Michele Grande, Giorgio Lisi, Flavio De Sanctis, Casimiro Nigro, Dario Venditti, Michela Campanelli, Simona Grande, Massimo Villa

Abstract:

Background: The aim of this study was to analyze the most appropriate surgical strategy in the management of patients with major inflammatory complications of colonic diverticular disease.

Materials and Methods: Out of 539 patients affect­ed by complicated diverticular disease of the colon, 125 consecutive patients (23.2%) who underwent urgent or emergency surgical intervention for diverticular per­foration during a 13 year period (2000-2013),  were ret­rospectively analyzed. According to the changes in the surgical approach over the time, the series was divid­ed into two groups: 2000-2005 Group A (n=59), 2006-2013 Group B (n=66). The clinical diagnosis was con­firmed by operative and pathologic findings.

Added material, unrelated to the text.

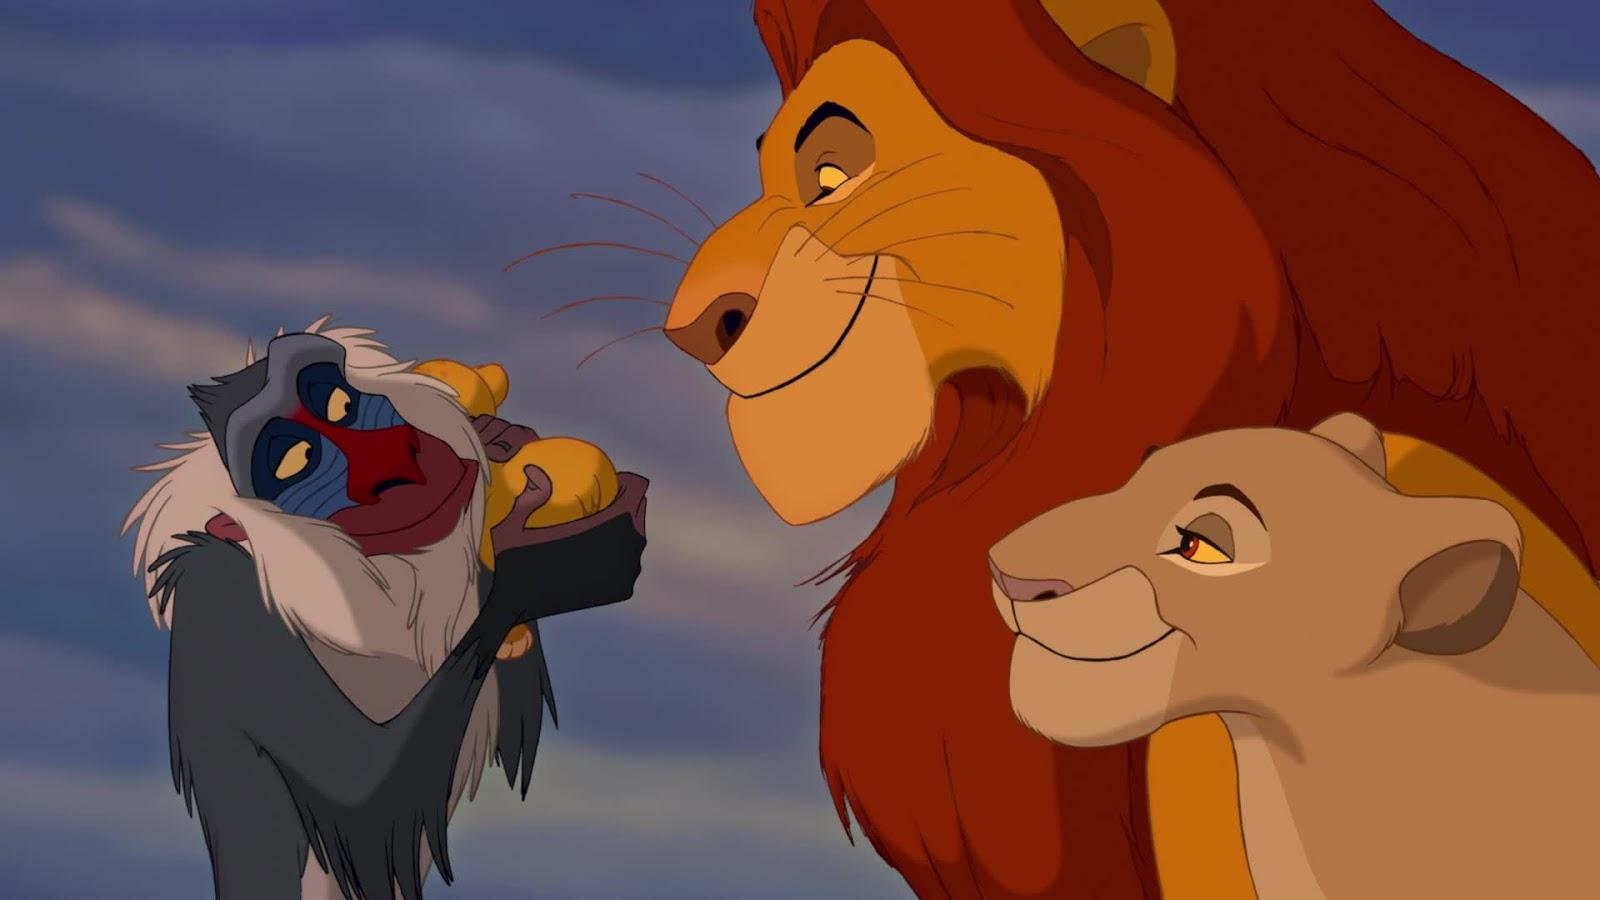 Immagini re leone walt disney

Results: Out of 109 patients, 28 underwent derivative procedure and 81 resection. There were no significant differences among the two groups of patients accord­ing to sex ratio and mean age. The overall percentage of patients in group B who underwent resective proce­dure (91%) was significantly greater in comparison with that in group A (53%). Colostomy and drainage was employed only during the first period (30%), (Group A vs Group B, p<0.05) and the proportion of patients who underwent primary resection and anas­tomosis was significantly higher during the second period (41%), (Group B vs Group A, p<0.05).

Conclusions: It must be stressed that resection of the diseased segment at initial operation appears manda­tory; one-stage procedure is indicated when infection is confined to the mesentery, while resection and anas­tomosis with covering colostomy (two-stage procedure) is preferable whenever peritoneal contamination has occurred. According to the literature Hartmann’s operation may be the proce­dure of choice in the patients presenting known impaired immunity or fecal contamination.